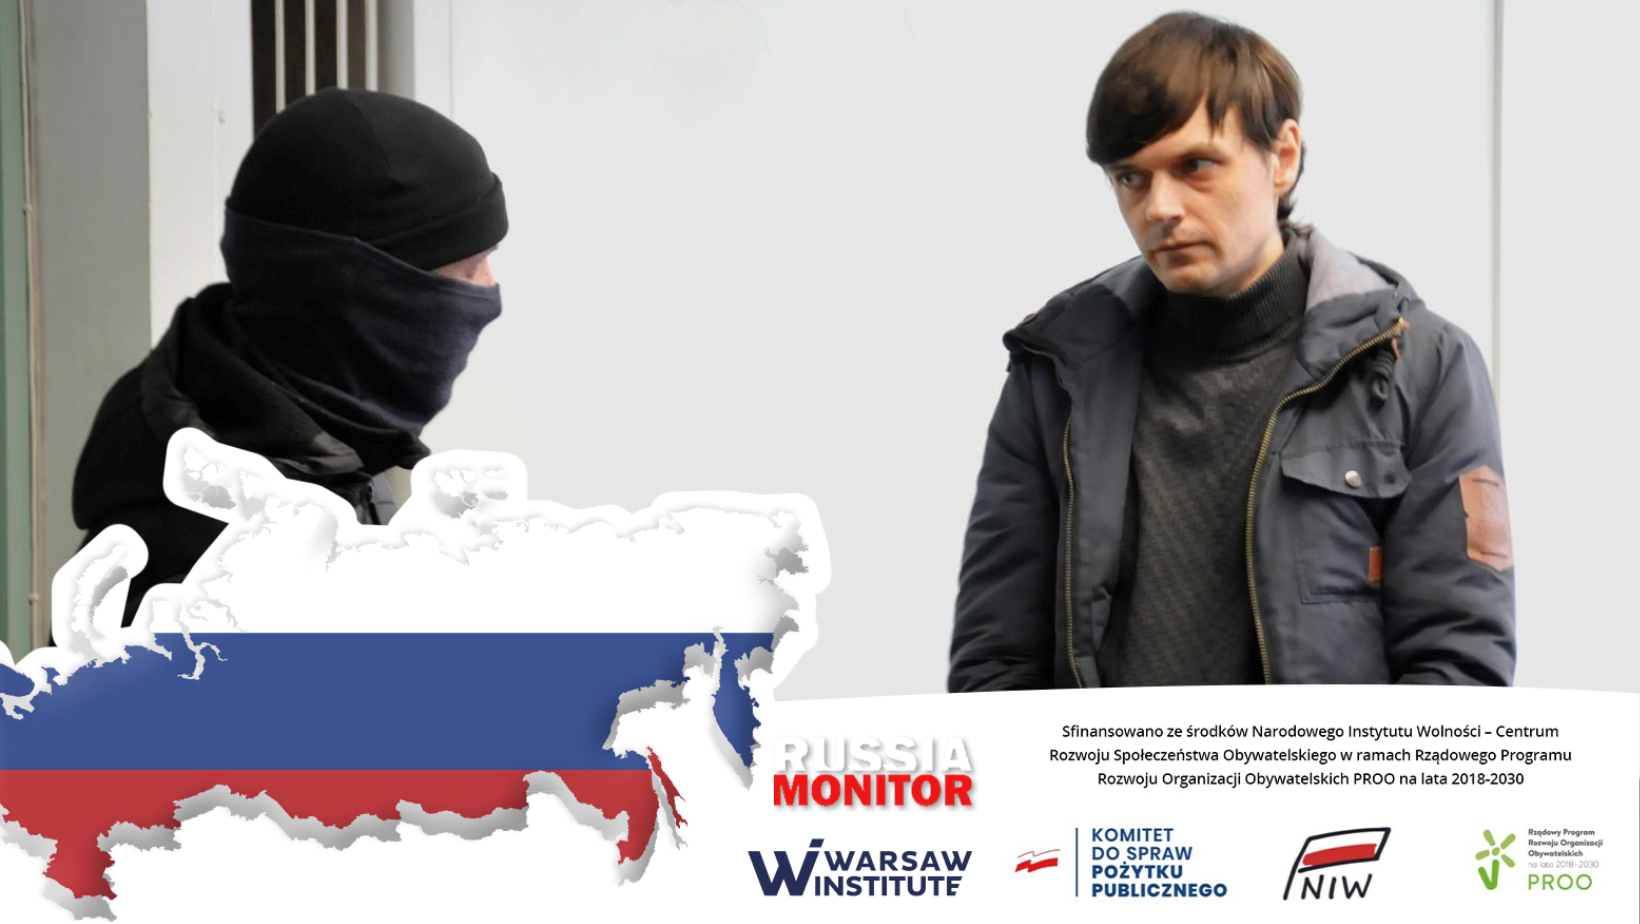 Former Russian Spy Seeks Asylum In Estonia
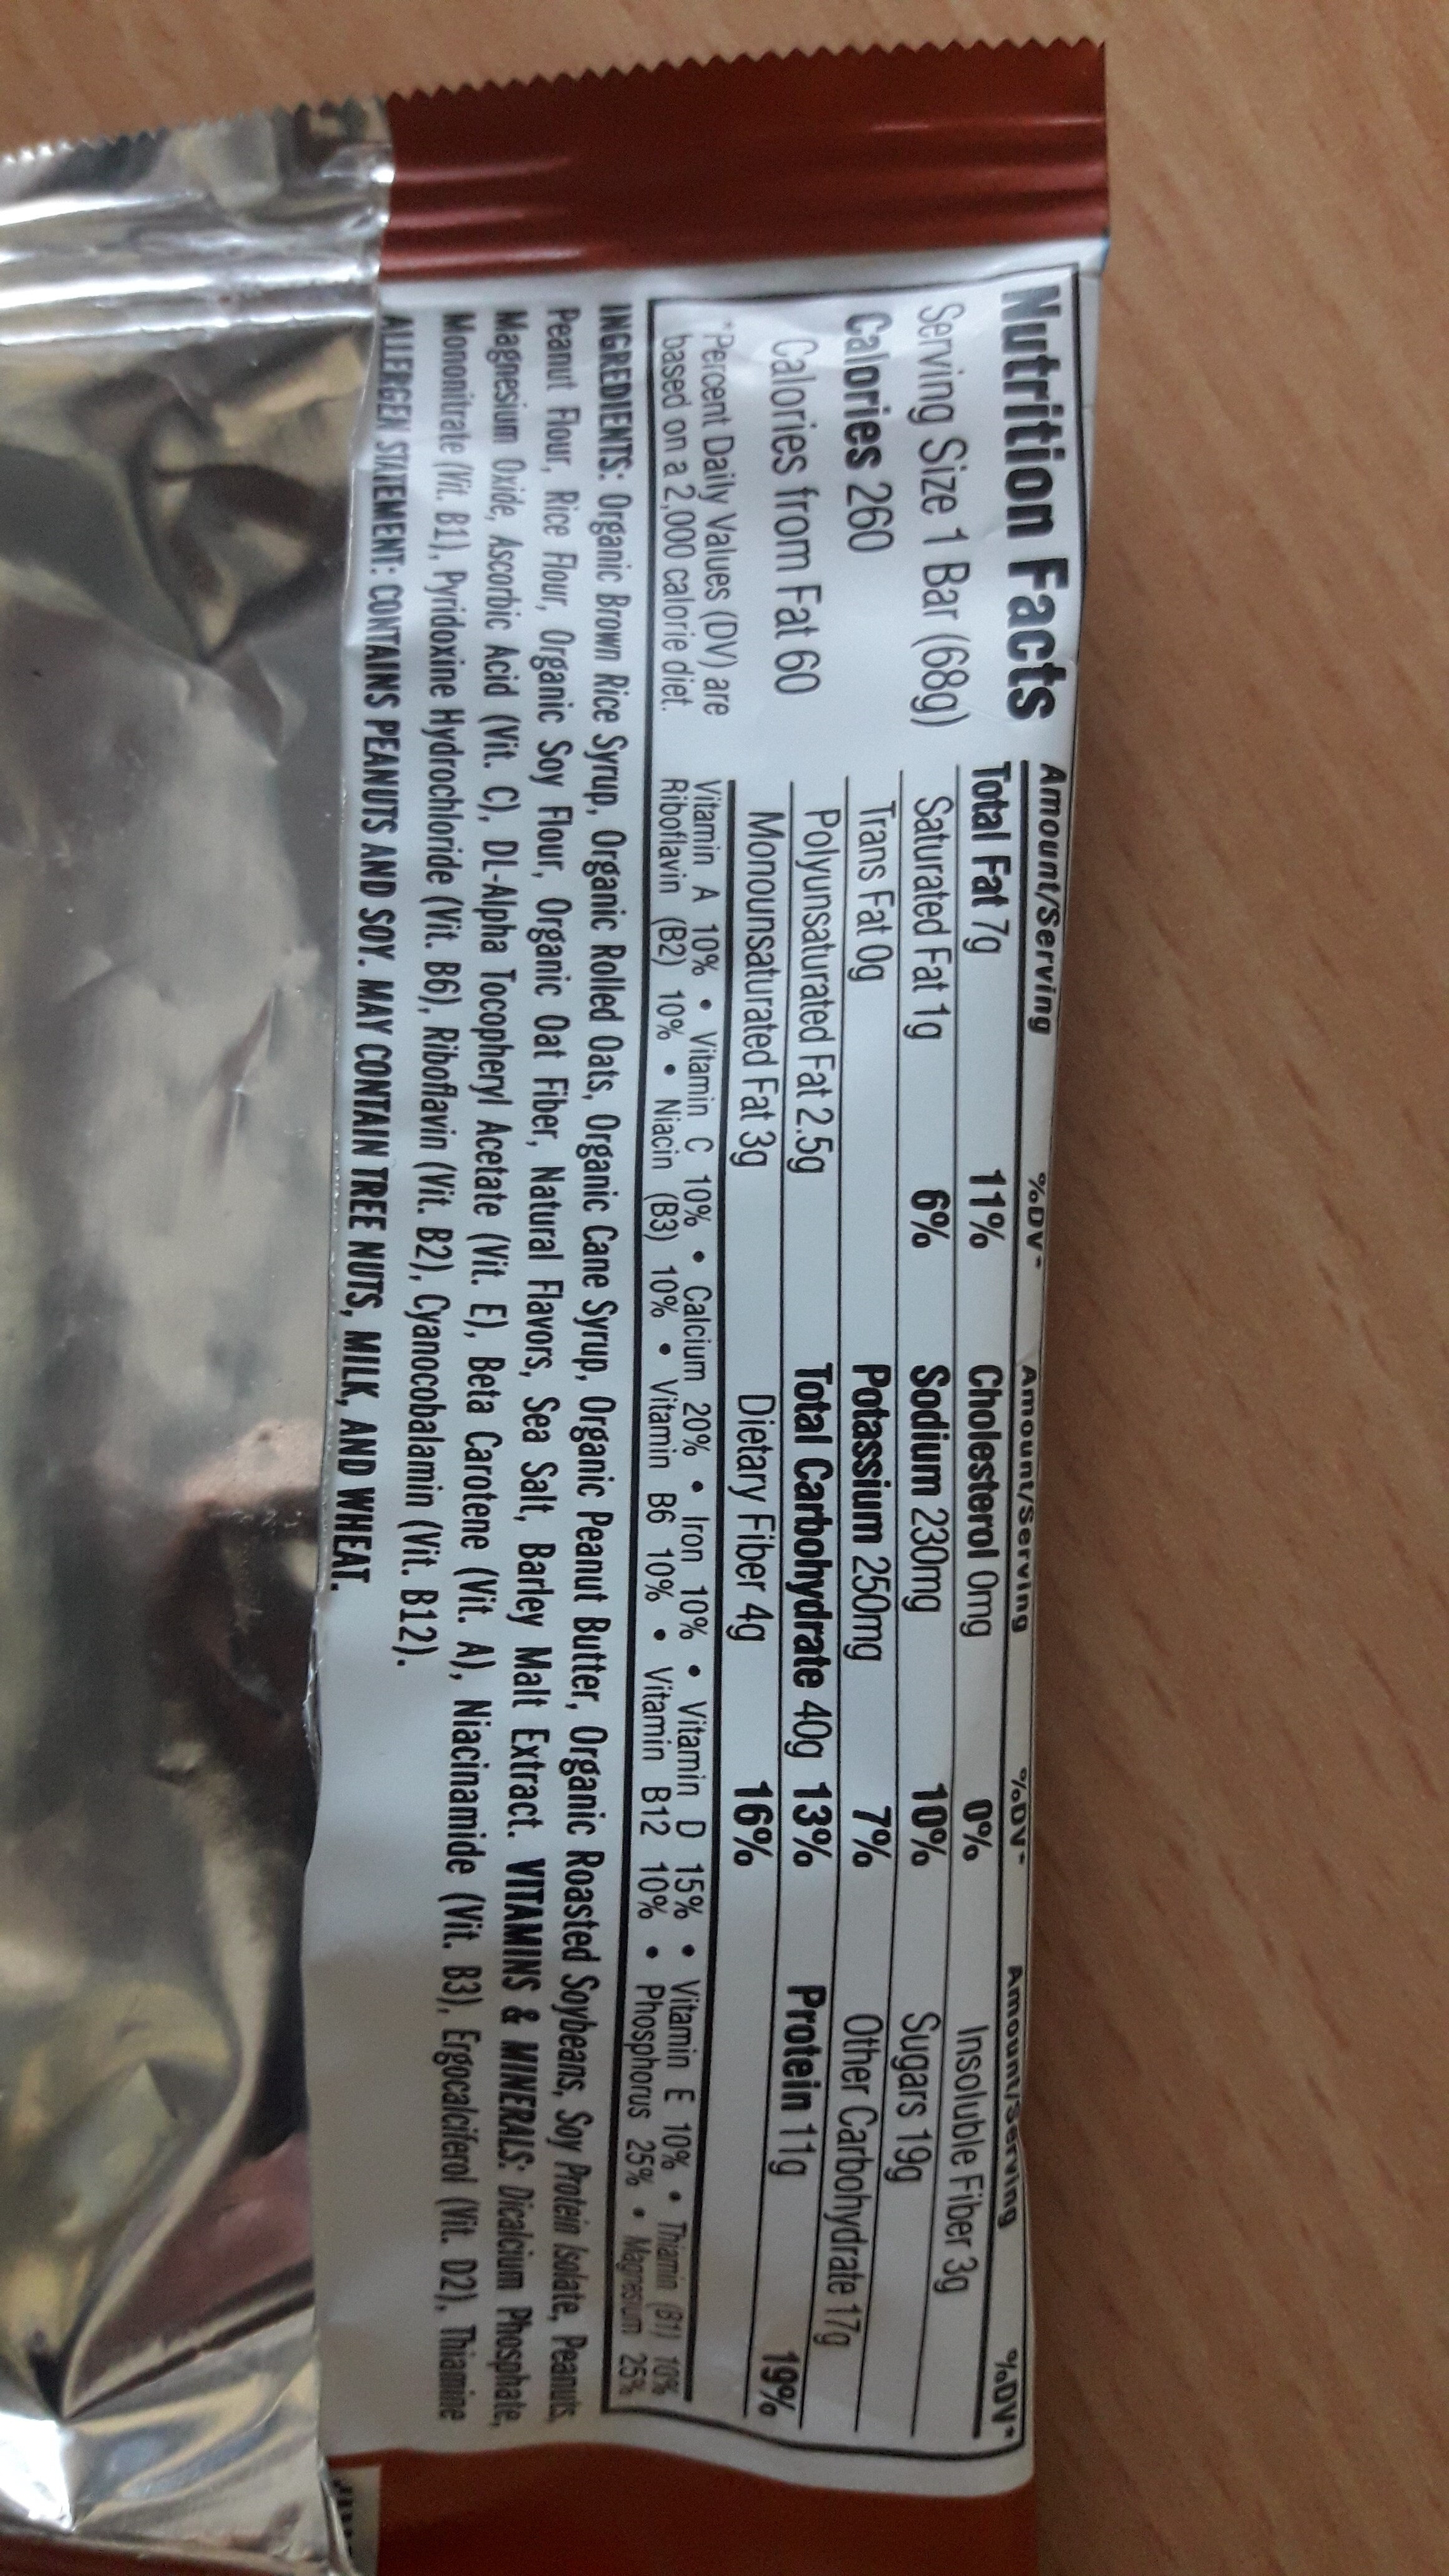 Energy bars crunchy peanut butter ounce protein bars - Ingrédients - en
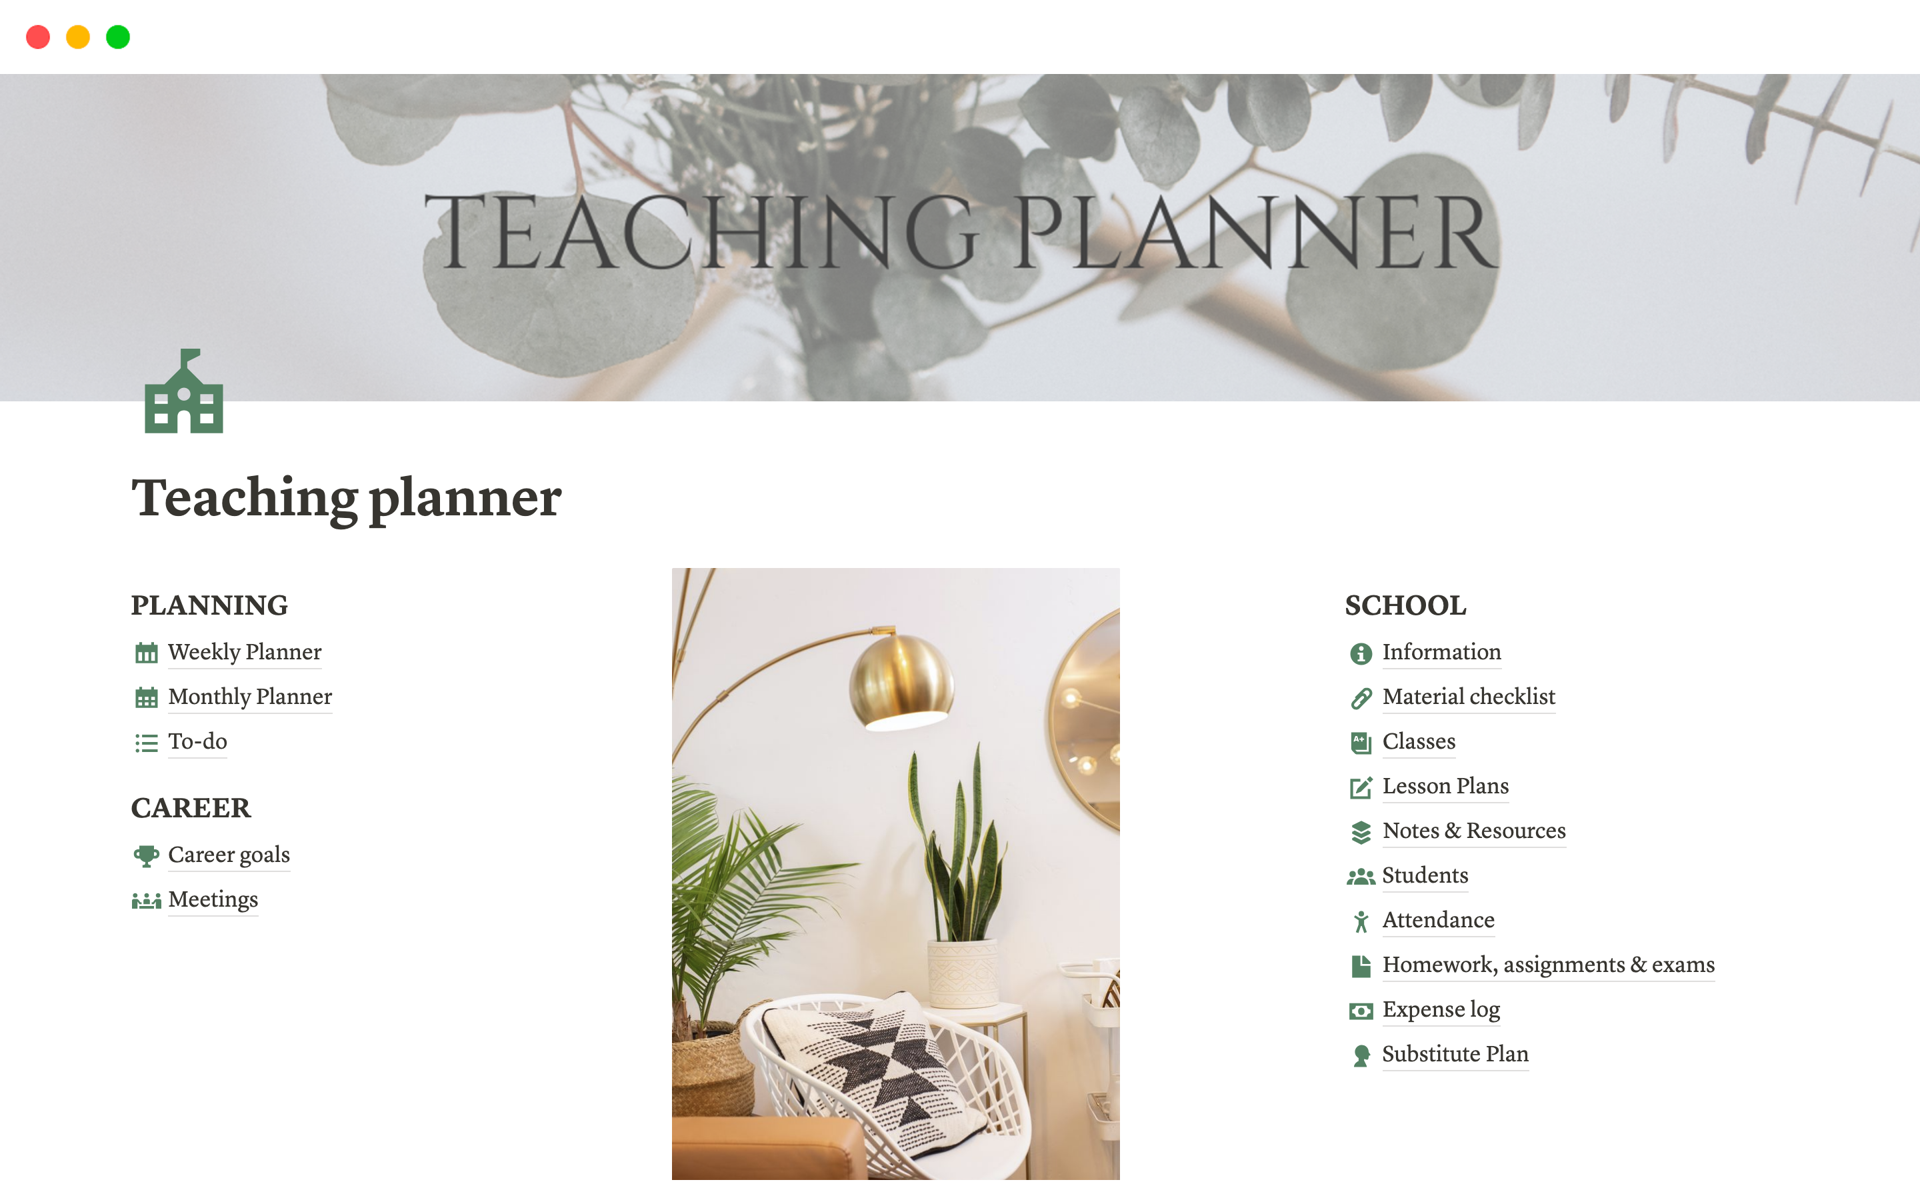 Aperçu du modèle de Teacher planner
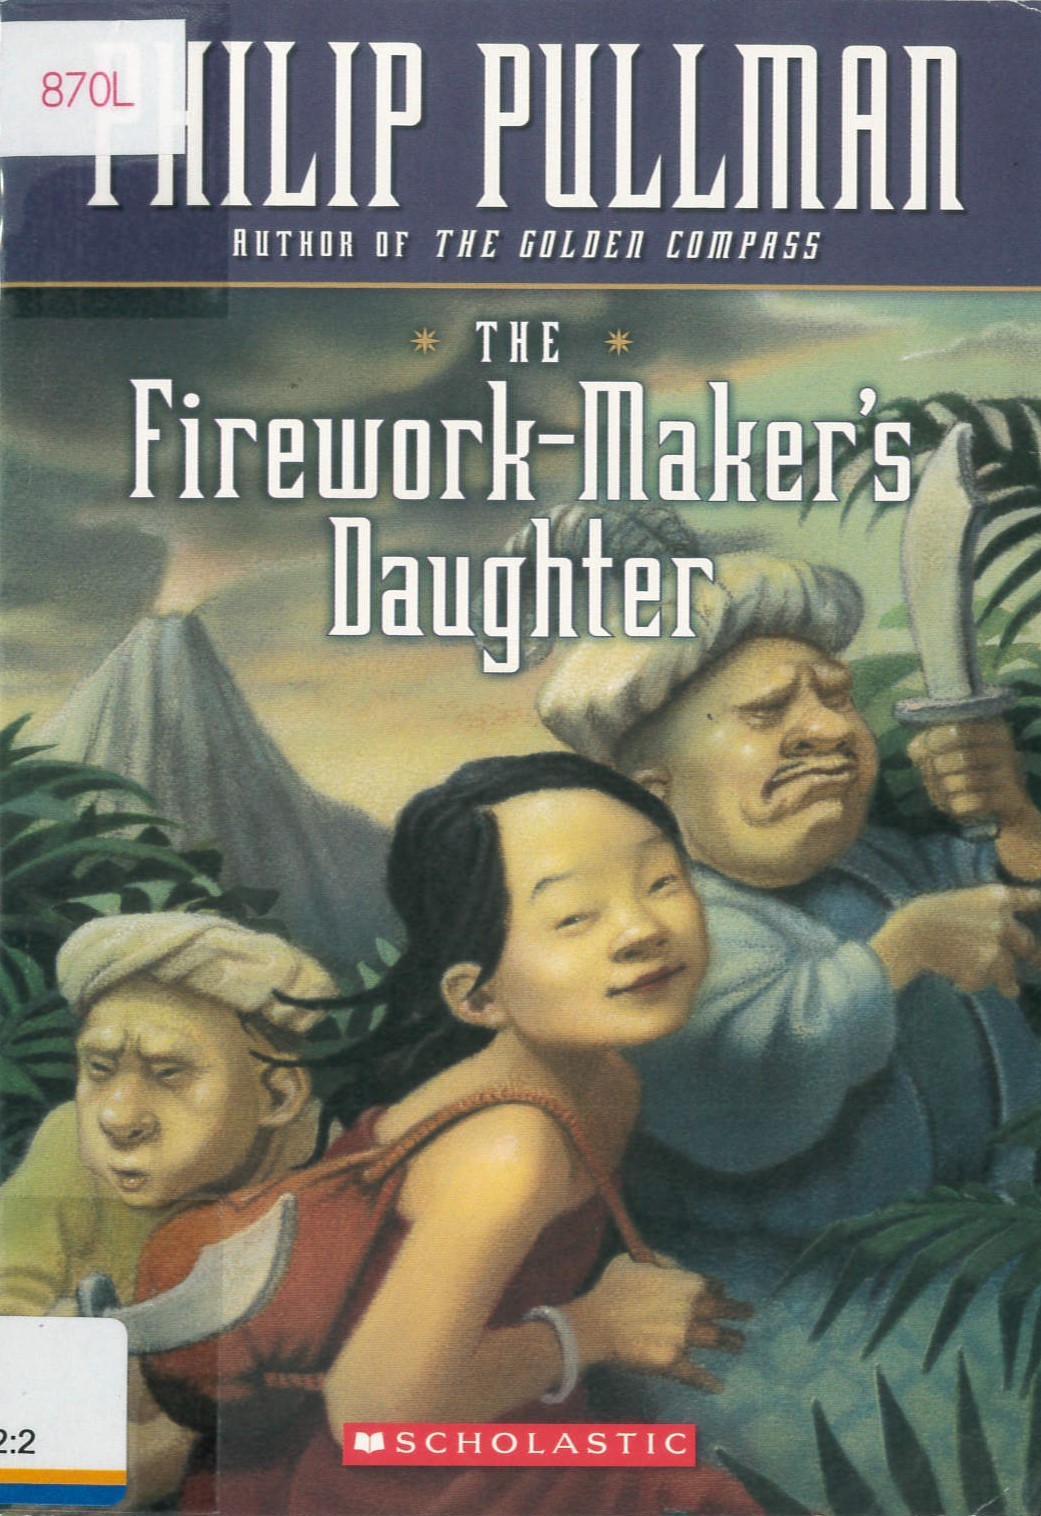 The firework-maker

▸ **PROBLEM TO SOLVE**:
Transcribe exactly the line that contains "Aperçu du modèle de Teacher planner" and each line after it through the end of the listing. Leave out the pictures.

▸ **RESULT OF THIS TASK**:
 Aperçu du modèle de Teacher planner
 The firework-maker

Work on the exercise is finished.